Mudanças de pessoal também influenciaram as missões internacionais. No início de dezembro, o Cosmonauta Oleg Artemyev foi retirado da missão SpaceX Crew-12. O motivo alegado foi o suposto vazamento de documentação confidencial que poderia infringir os Regulamentos de Tráfico Internacional de Armas (ITAR). Sua substituição pelo Cosmonauta Andrei Fedyayev garantiu a continuidade de um acordo pré-existente de troca de assentos com a Roscosmos.
A ciência planetária apresentou um quebra-cabeça terrestre: a Terra registrou seu segundo dia mais curto já medido em 22 de julho de 2025, seguido por um dia ainda mais breve em 5 de agosto. O evento de julho fez com que o planeta completasse sua rotação 1,34 milissegundos mais rápido que as 24 horas padrão, dando seguimento a uma tendência de aceleração observada desde 2020. Embora alguns cientistas atribuam isso à influência gravitacional da Lua quando posicionada mais longe do equador, a causa exata permanece sob escrutínio. Alguns modelos projetam que, se a tendência se mantiver, pode ser necessária a adição de um segundo bissexto negativo aos relógios atômicos até 2029. Essa aceleração terrestre coincidiu com uma intensa atividade do clima espacial, proveniente do pico do Ciclo Solar 25, que permitiu que a aurora boreal fosse vista em latitudes incomumente baixas globalmente, uma atividade que os cientistas preveem poder estender-se até 2027.
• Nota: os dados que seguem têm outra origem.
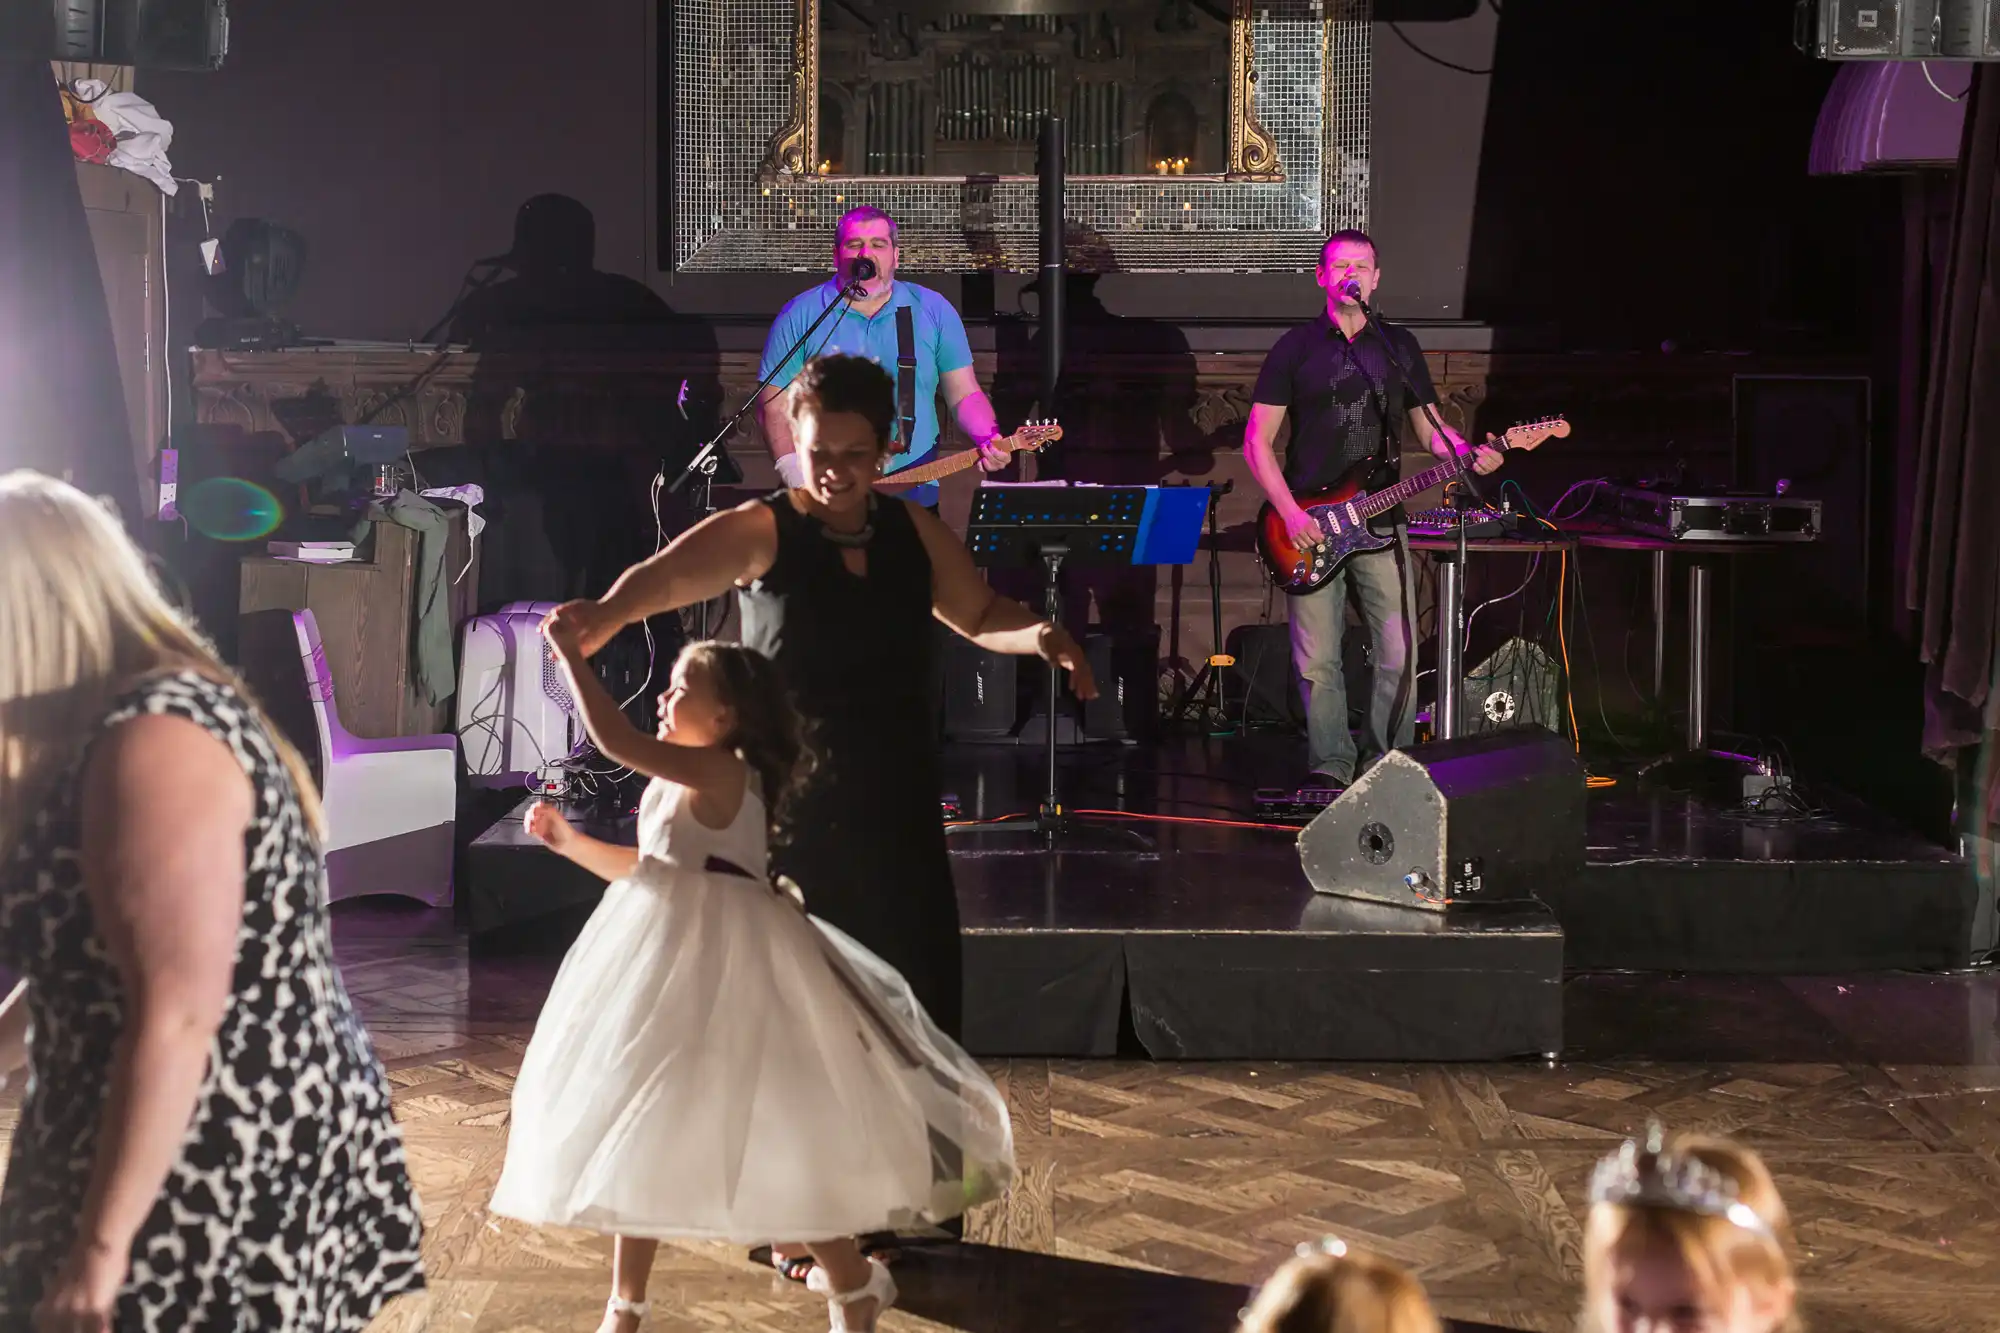 A woman and a young girl dance joyfully at a wedding reception while a band performs on stage in the background.

A exploração robótica trouxe grandes conquistas, incluindo as imagens iniciais do Telescópio Espacial James Webb (JWST) do cometa interestelar 3I/2025 N1 (ATLAS). Descoberto pelo levantamento ATLAS no Chile em 1 de julho de 2025, este corpo celeste foi o terceiro visitante interestelar confirmado. As observações do JWST em 6 de agosto de 2025, utilizando o instrumento NIRSpec, limitaram o diâmetro do núcleo do cometa a menos de 5,6 km e estabeleceram uma proporção de mistura CO₂/H₂O de aproximadamente 7,6:1, sugerindo uma composição rica em dióxido de carbono. Em paralelo, o rover Perseverance continuou seu levantamento geológico perto da Cratera Jezero, catalogando amostras como material outrora fundido e espécimes específicos da borda da cratera designados como “Silver Mountain”, próximos à formação conhecida como “Witch Hazel Hill”.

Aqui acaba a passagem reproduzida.